= EXERCISE BRIEF =
Using the material below, print the line that contains "Examination of Firearms", the line that contains "Mid-20th Century 1960s", and every line in between, exactly and nothing else.

---------- RECORDS TO USE

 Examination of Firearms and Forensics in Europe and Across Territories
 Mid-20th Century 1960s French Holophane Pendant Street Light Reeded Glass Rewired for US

--------------------
---------- RECORDS TO USE

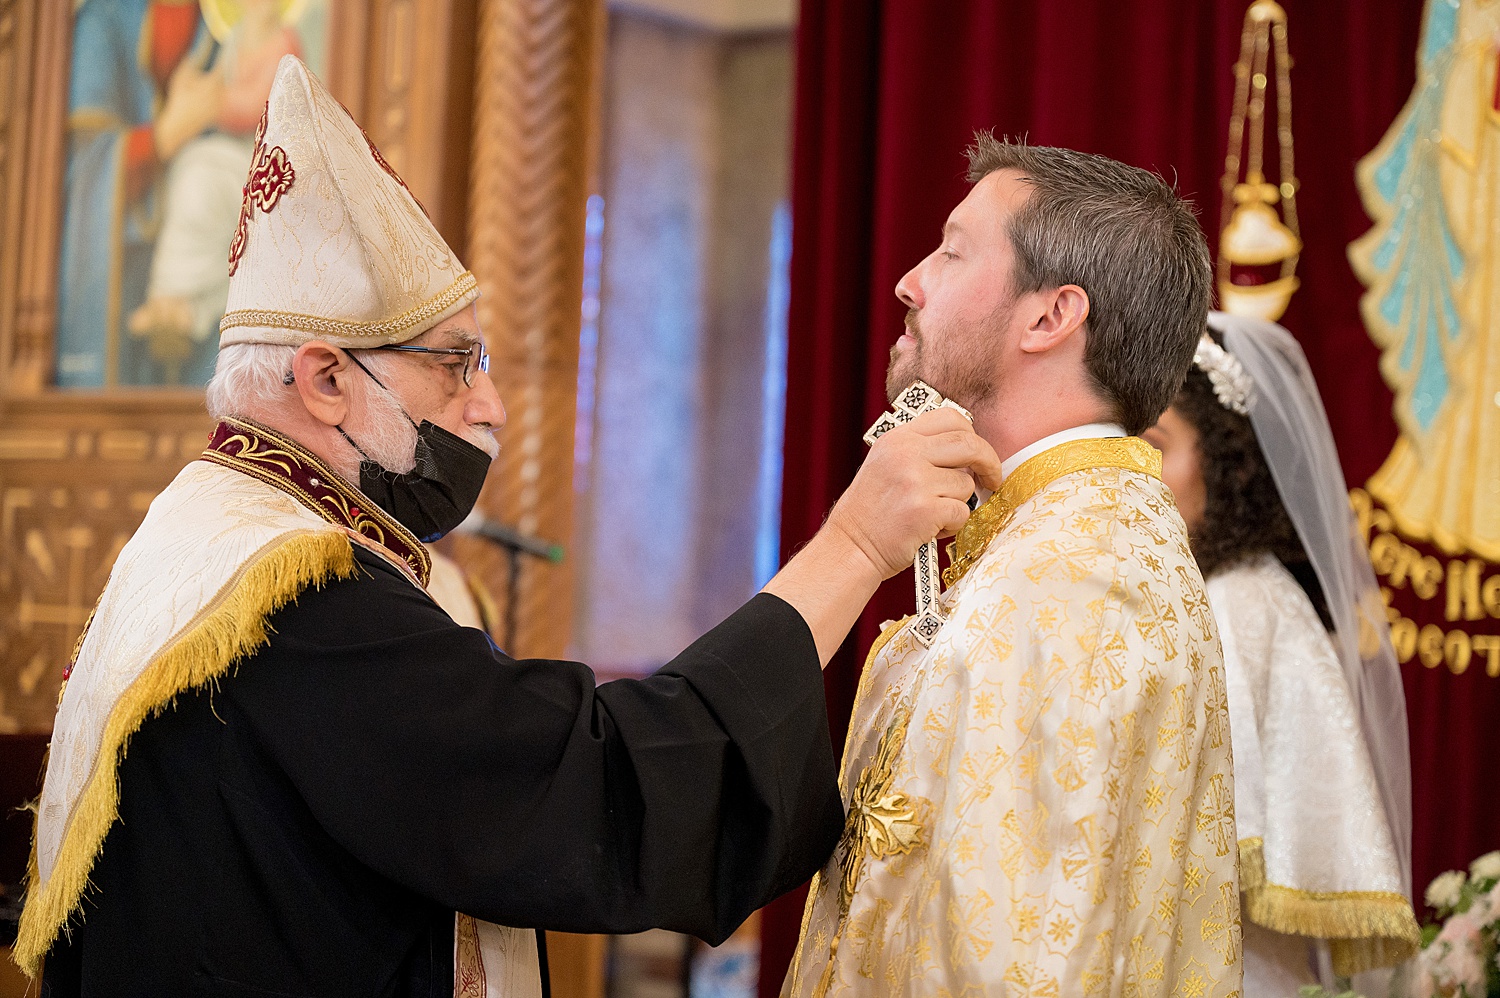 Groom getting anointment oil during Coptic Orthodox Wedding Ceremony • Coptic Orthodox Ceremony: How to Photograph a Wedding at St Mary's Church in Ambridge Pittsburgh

--------------------
---------- RECORDS TO USE

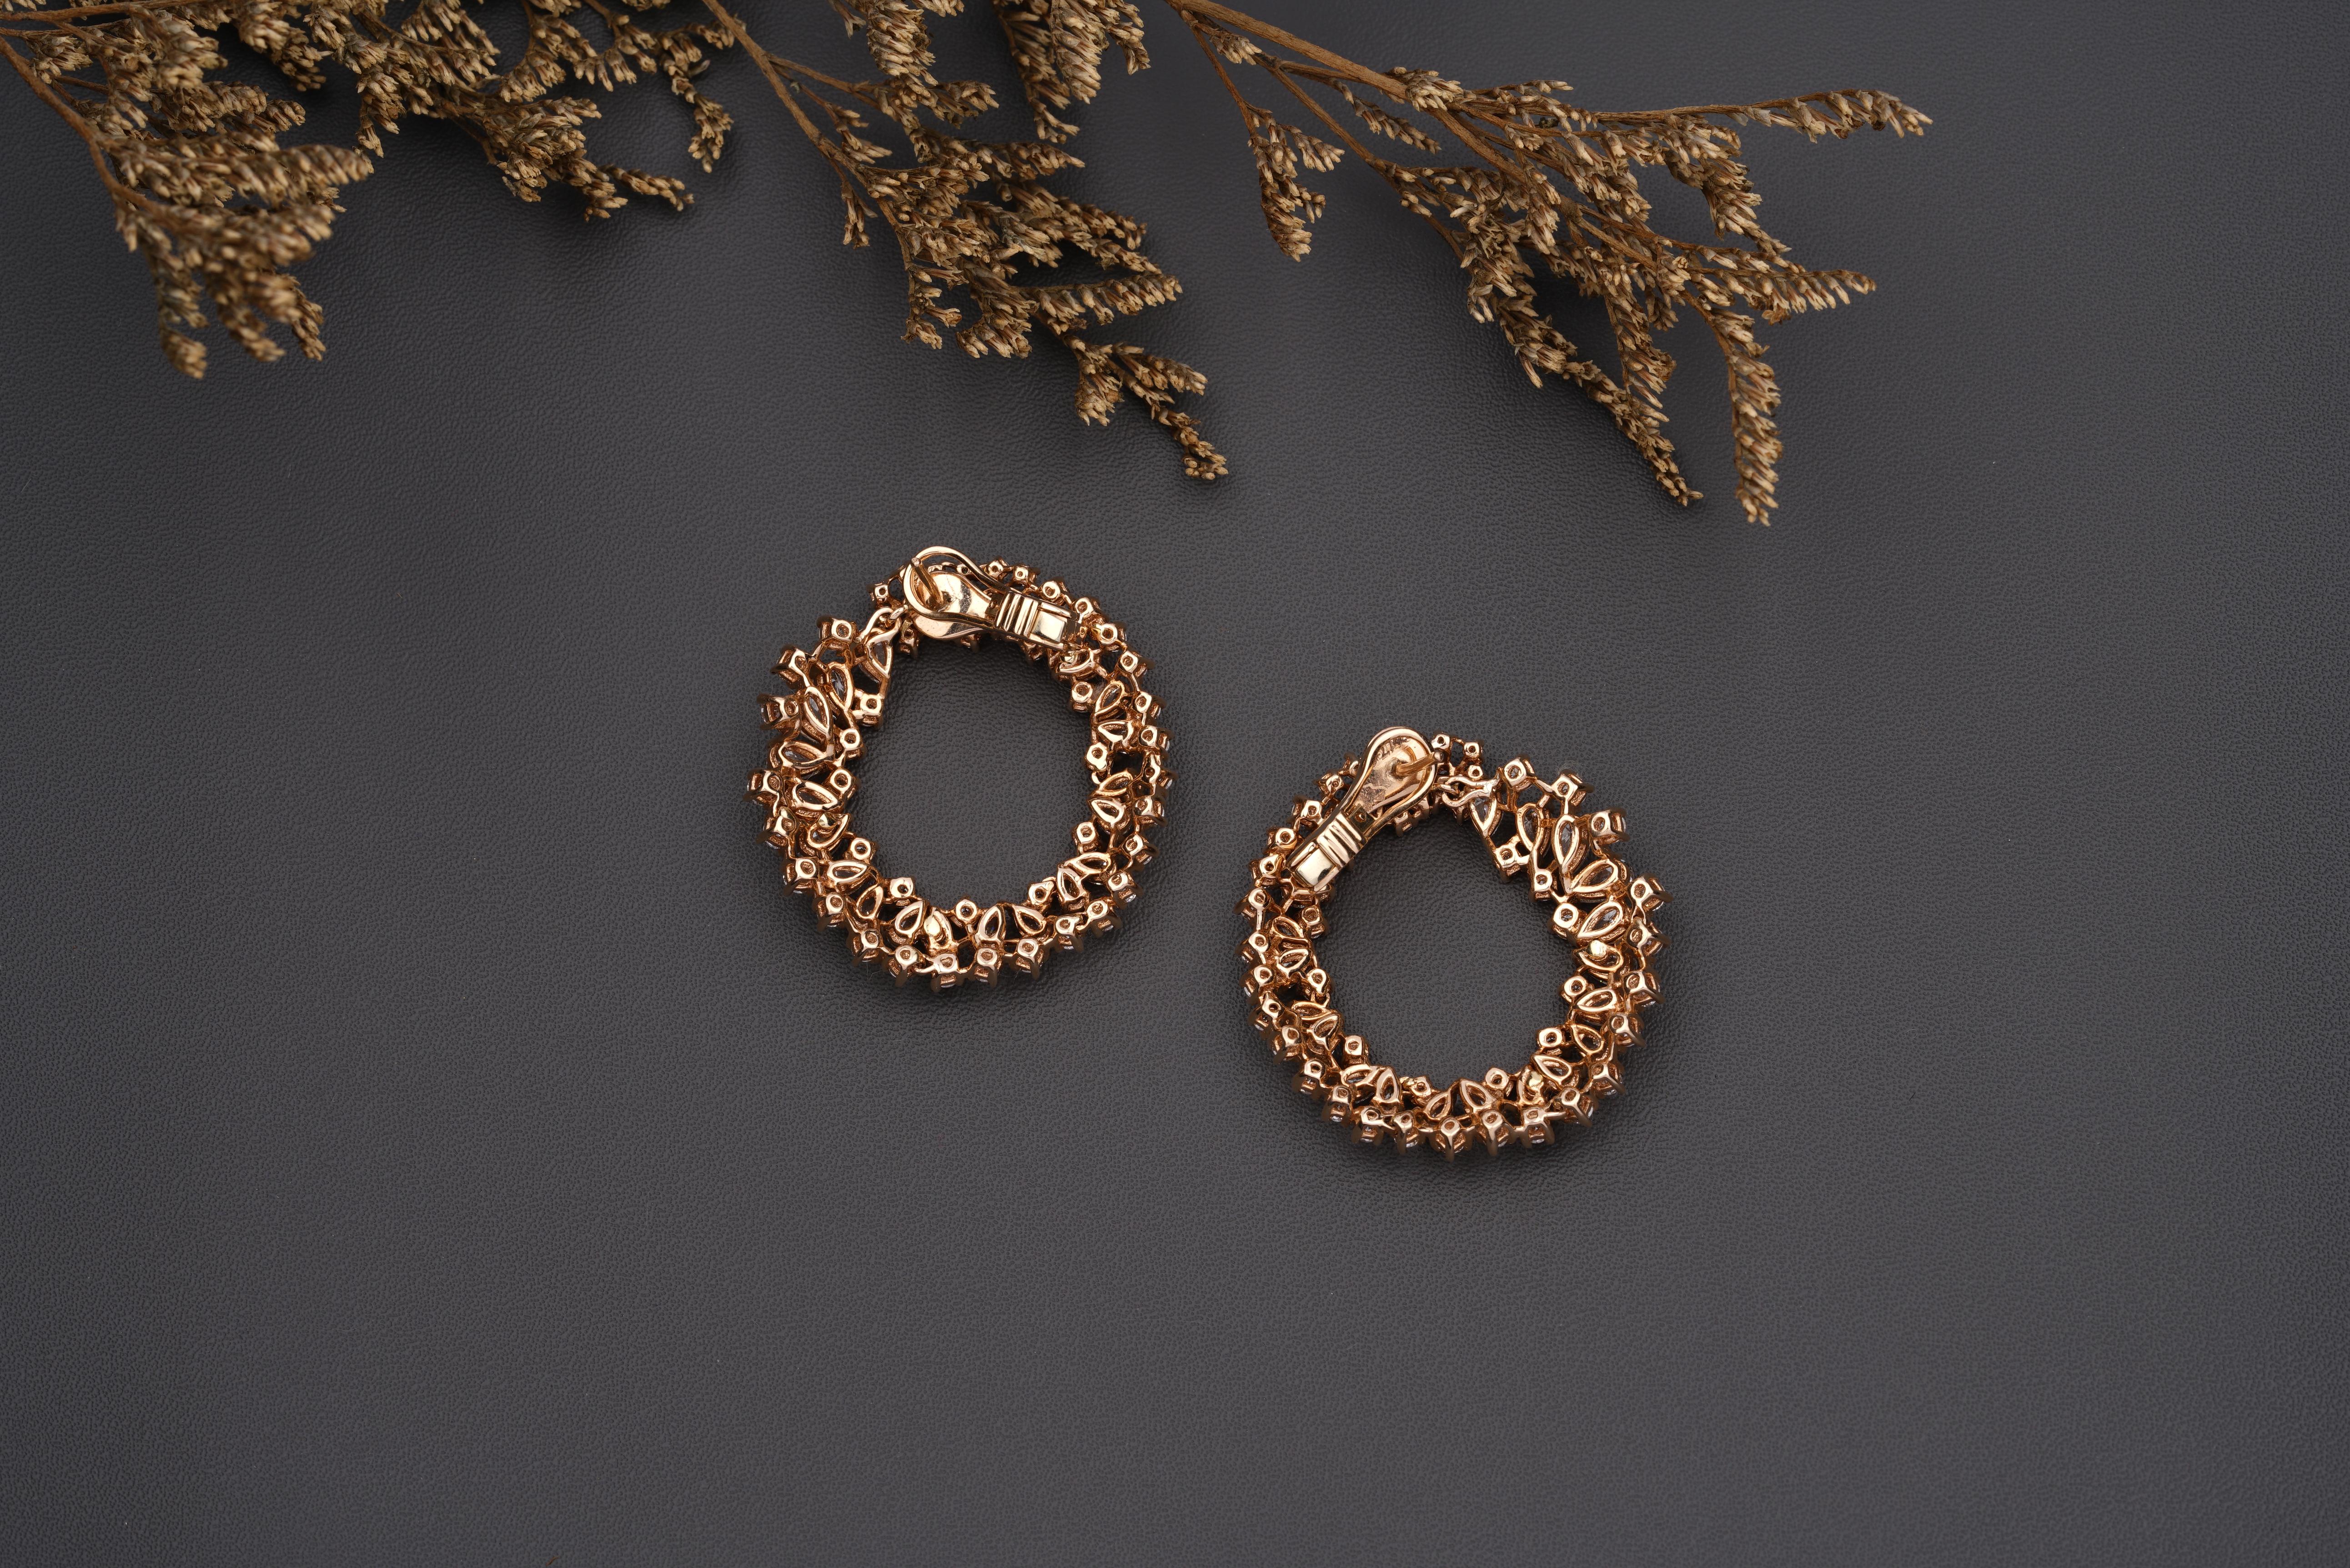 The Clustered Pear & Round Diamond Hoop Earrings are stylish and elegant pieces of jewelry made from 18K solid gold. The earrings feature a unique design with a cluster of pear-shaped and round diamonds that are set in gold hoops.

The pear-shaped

--------------------

= THE COMPLETED TASK =
 Examination of Firearms and Forensics in Europe and Across Territories
 Mid-20th Century 1960s French Holophane Pendant Street Light Reeded Glass Rewired for US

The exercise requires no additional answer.